#### [Exercise details]
Only the text should come through, so restate the listing exactly and drop its images.

══ Dataset excerpts

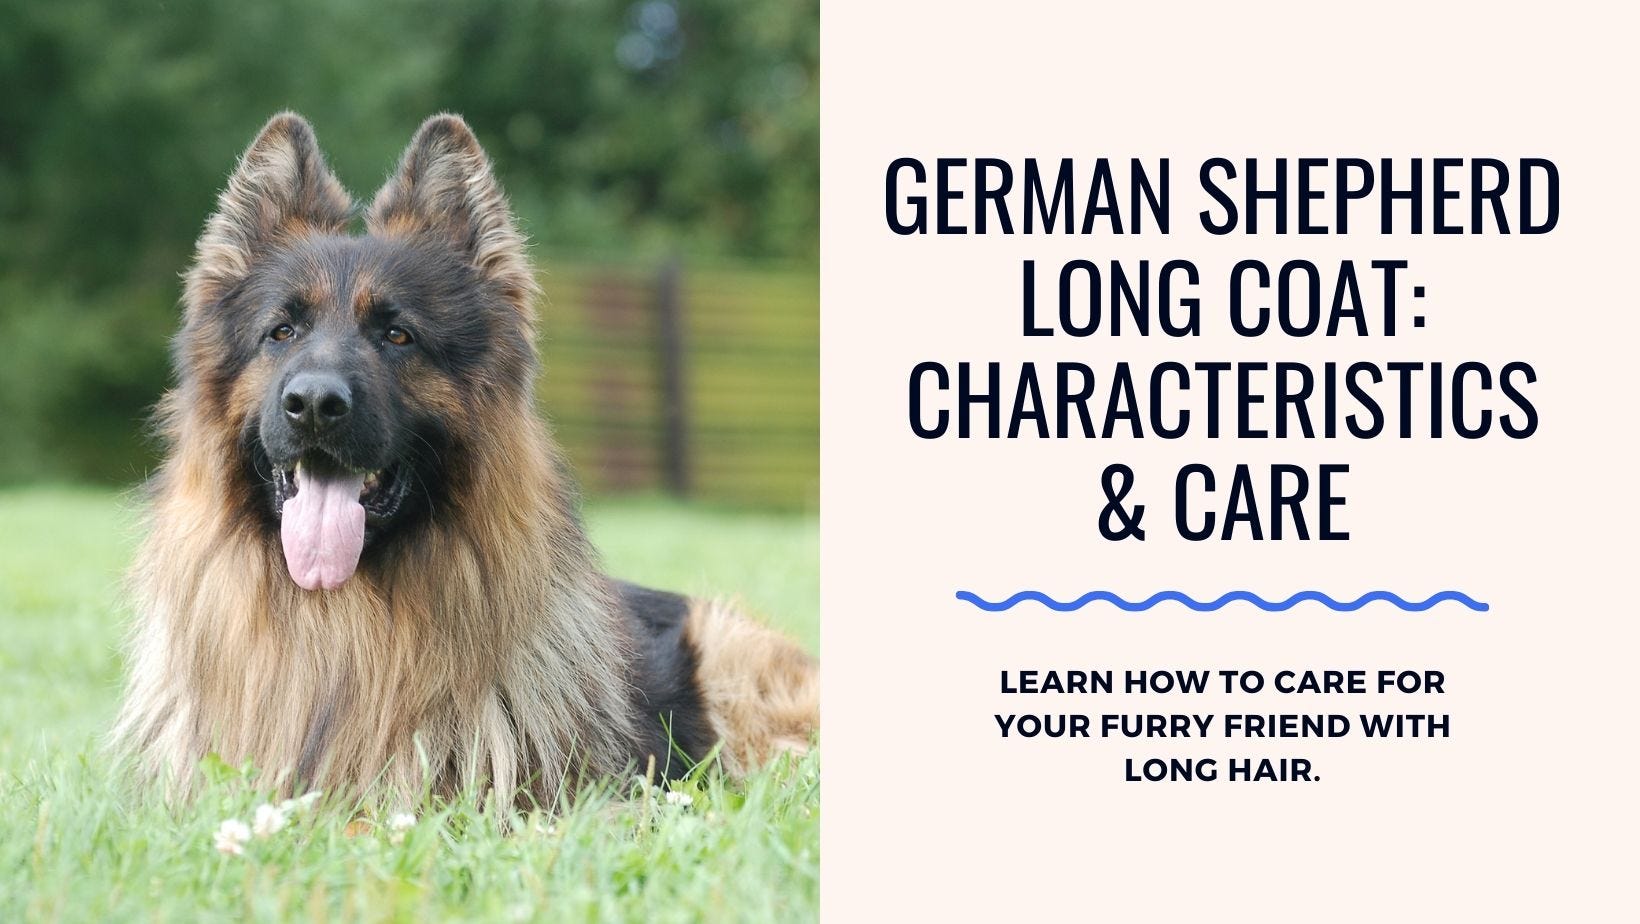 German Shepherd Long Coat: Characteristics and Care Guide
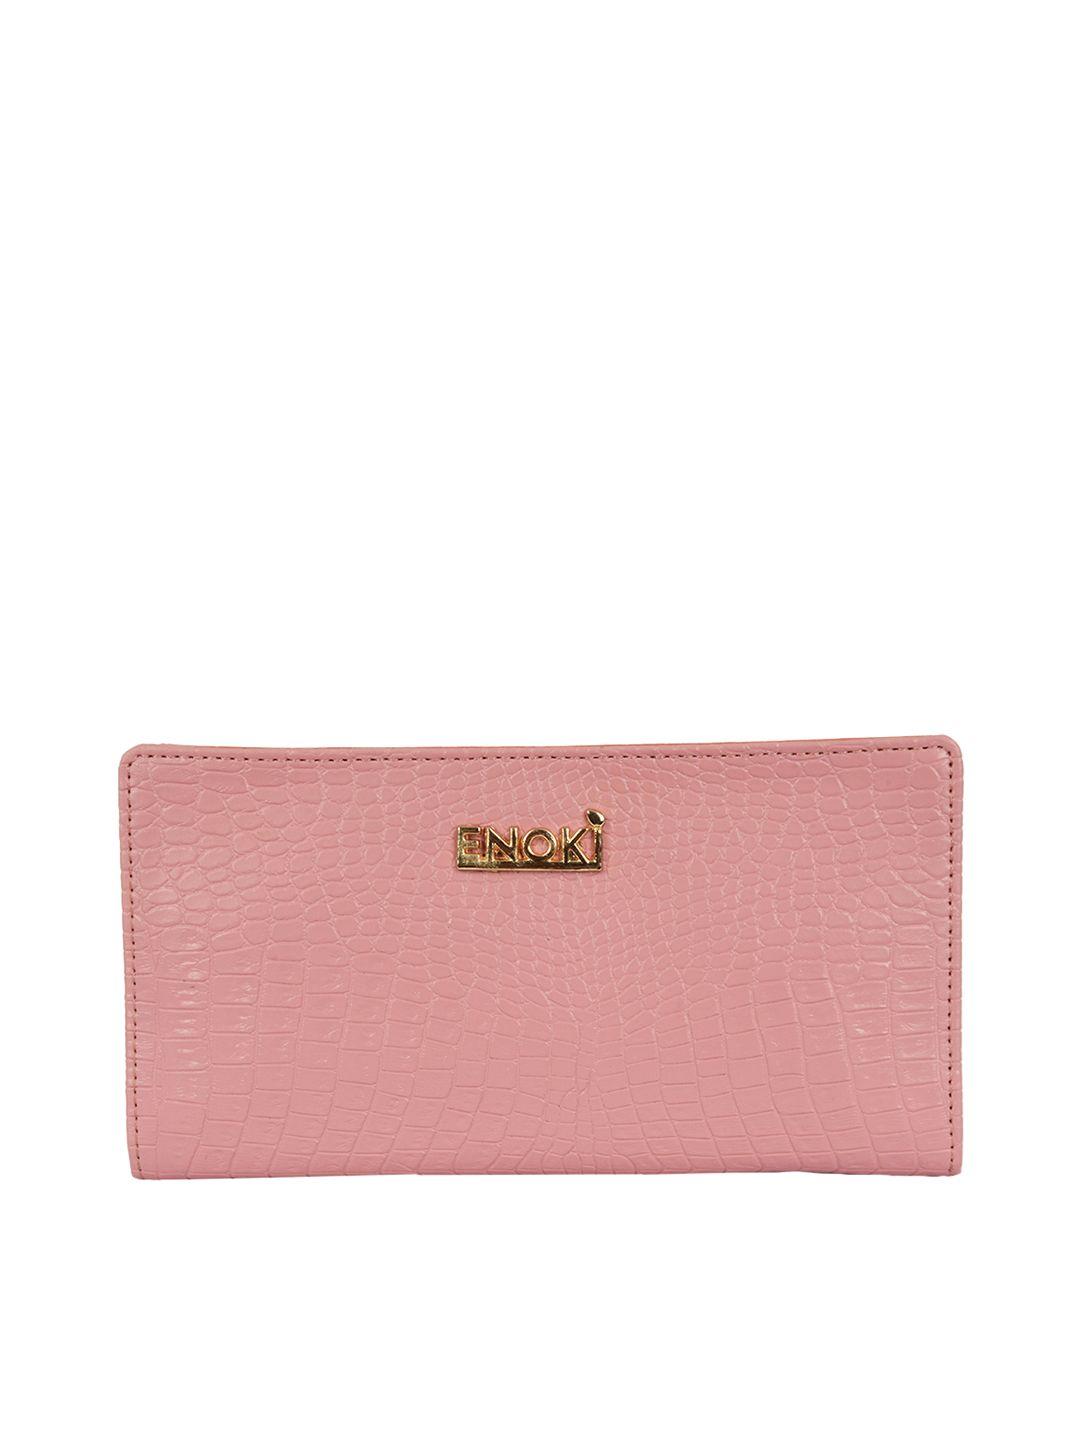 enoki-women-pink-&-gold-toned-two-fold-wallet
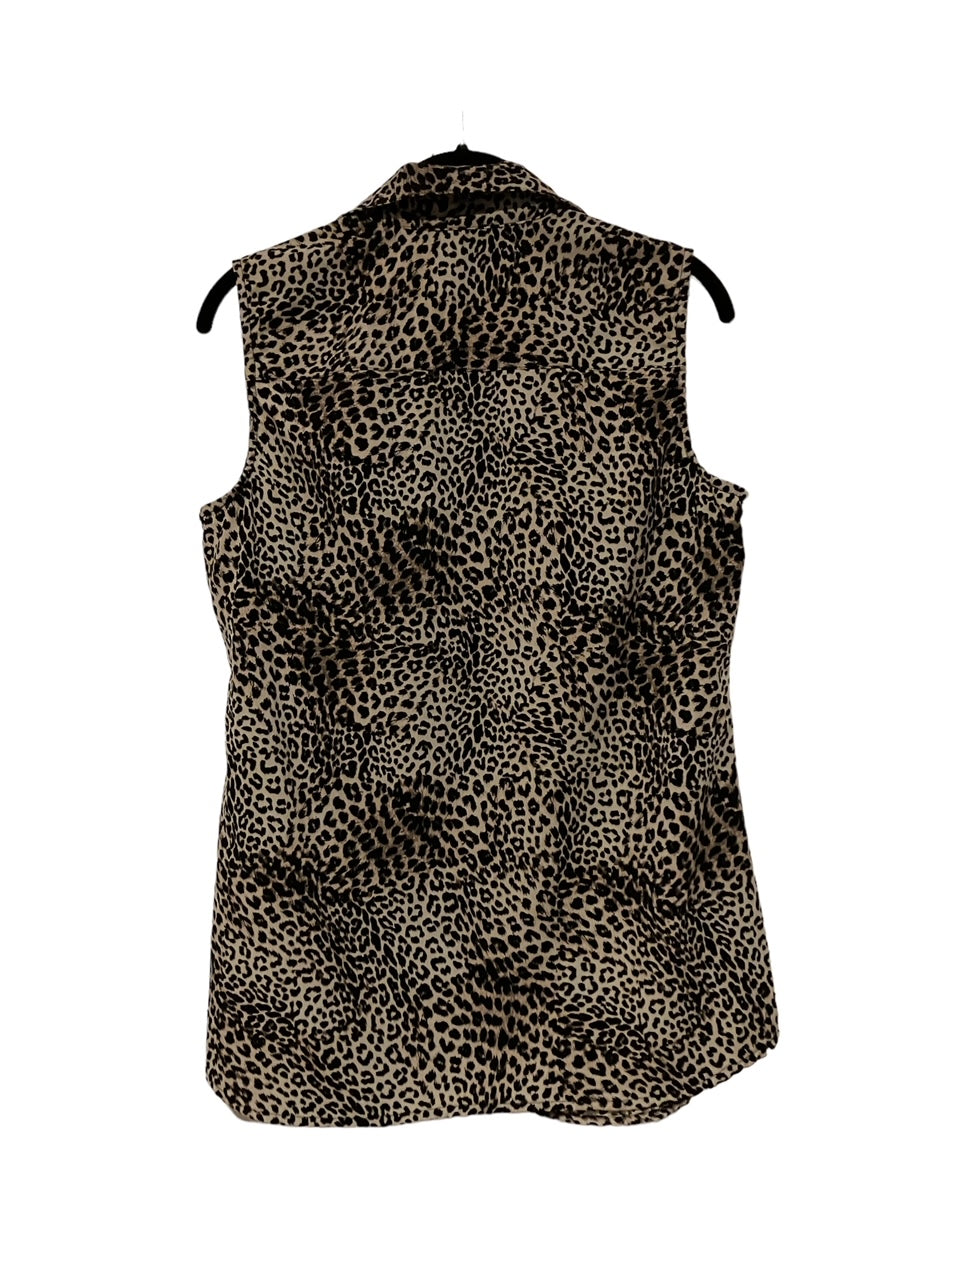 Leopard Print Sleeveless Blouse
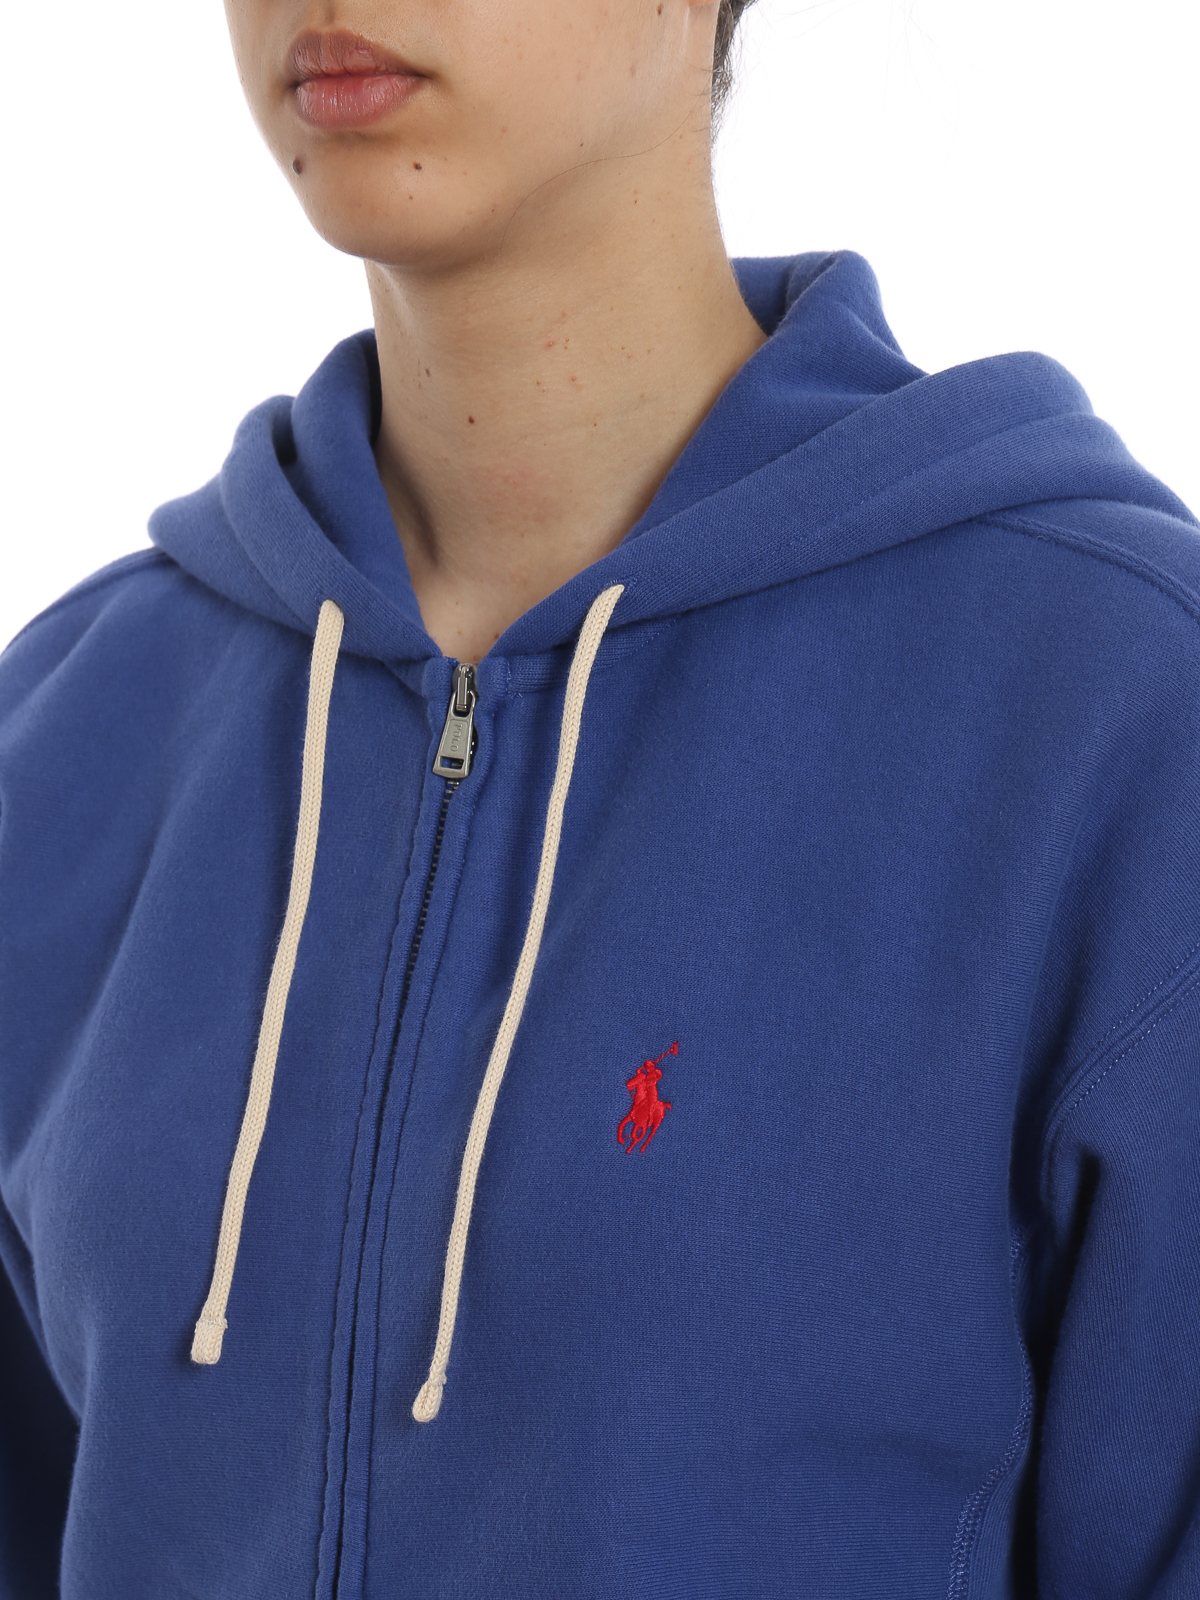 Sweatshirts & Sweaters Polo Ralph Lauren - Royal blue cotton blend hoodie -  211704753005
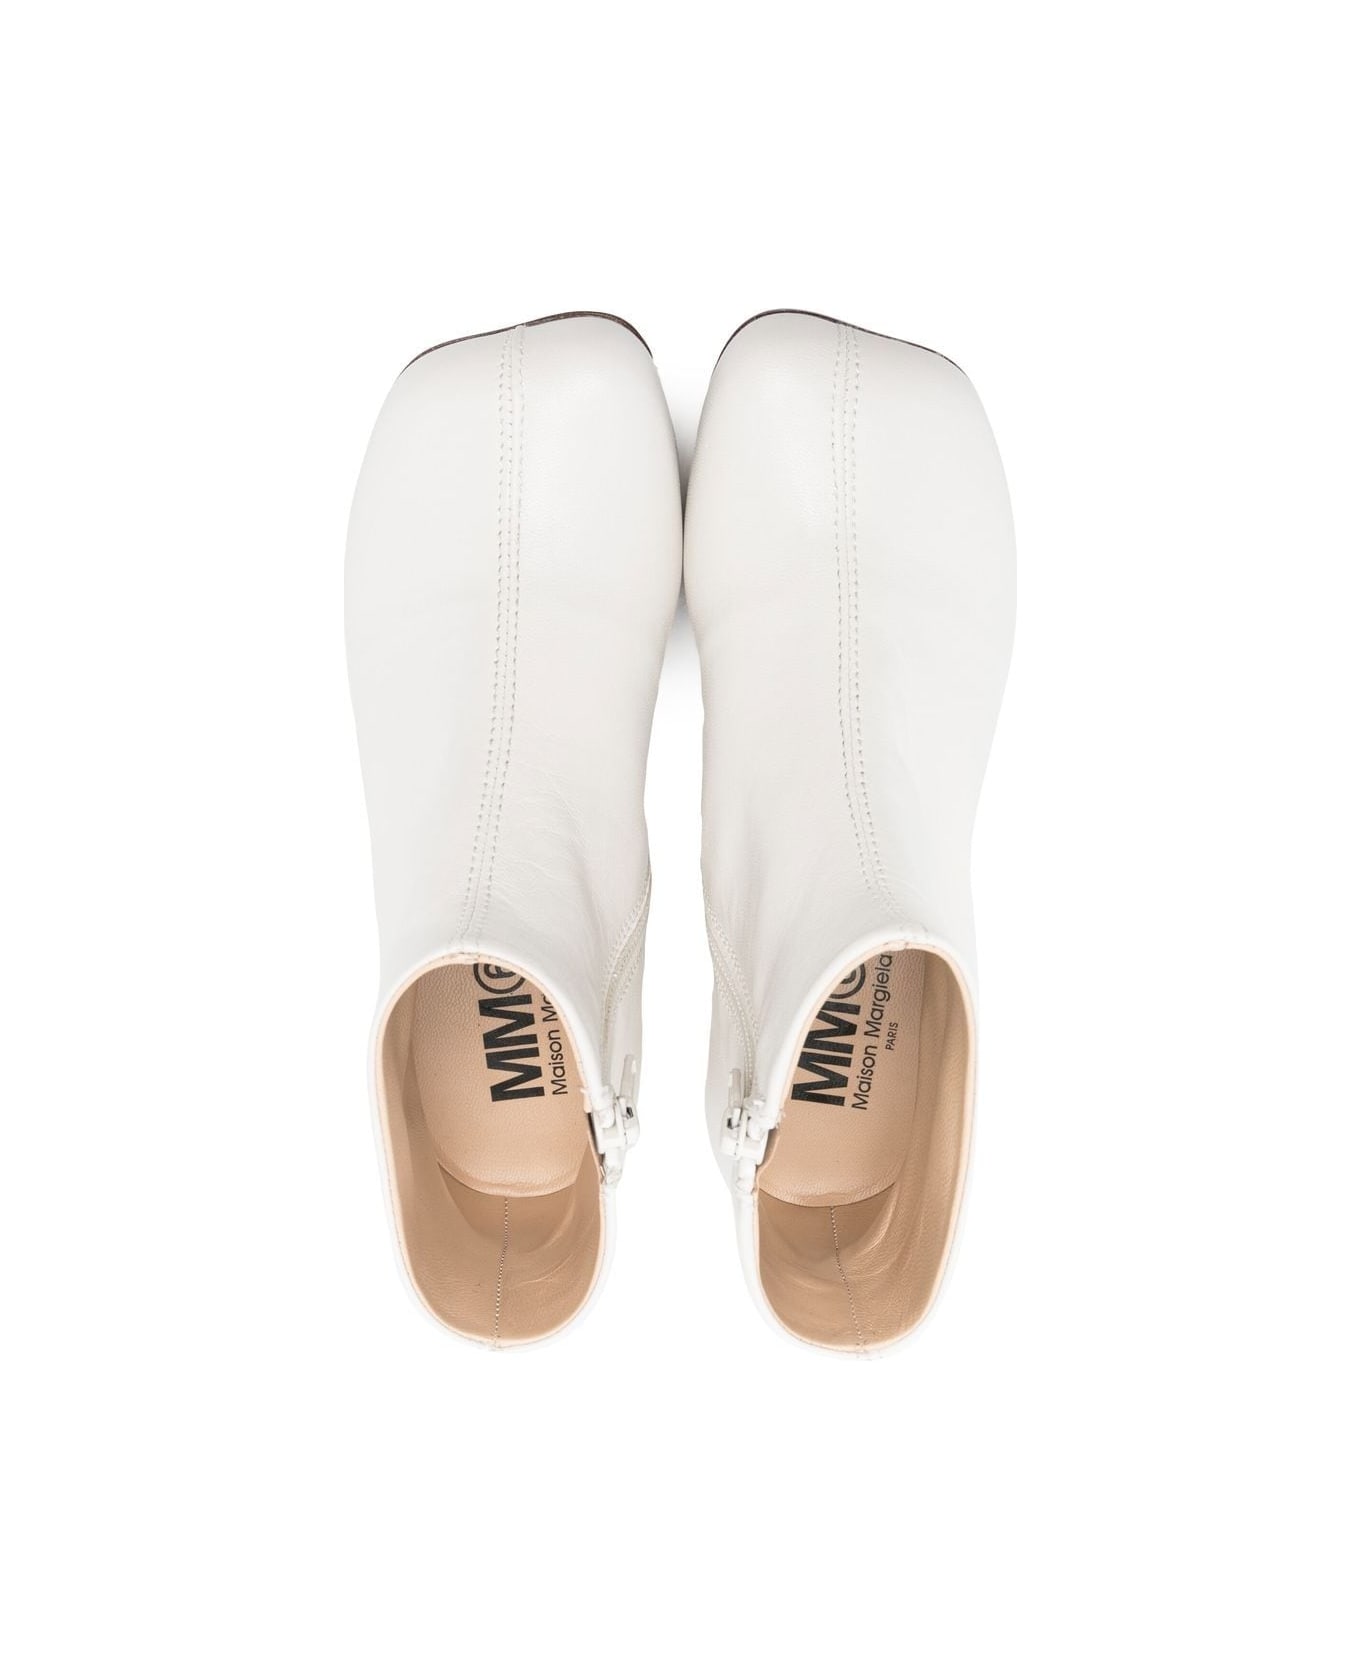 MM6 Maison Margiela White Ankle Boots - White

════

#### [Exercise result]
 German Shepherd Long Coat: Characteristics and Care Guide
 enoki-women-pink-&-gold-toned-two-fold-wallet
 Leopard Print Sleeveless Blouse
 Sweatshirts & Sweaters Polo Ralph Lauren - Royal blue cotton blend hoodie -  211704753005
 MM6 Maison Margiela White Ankle Boots - White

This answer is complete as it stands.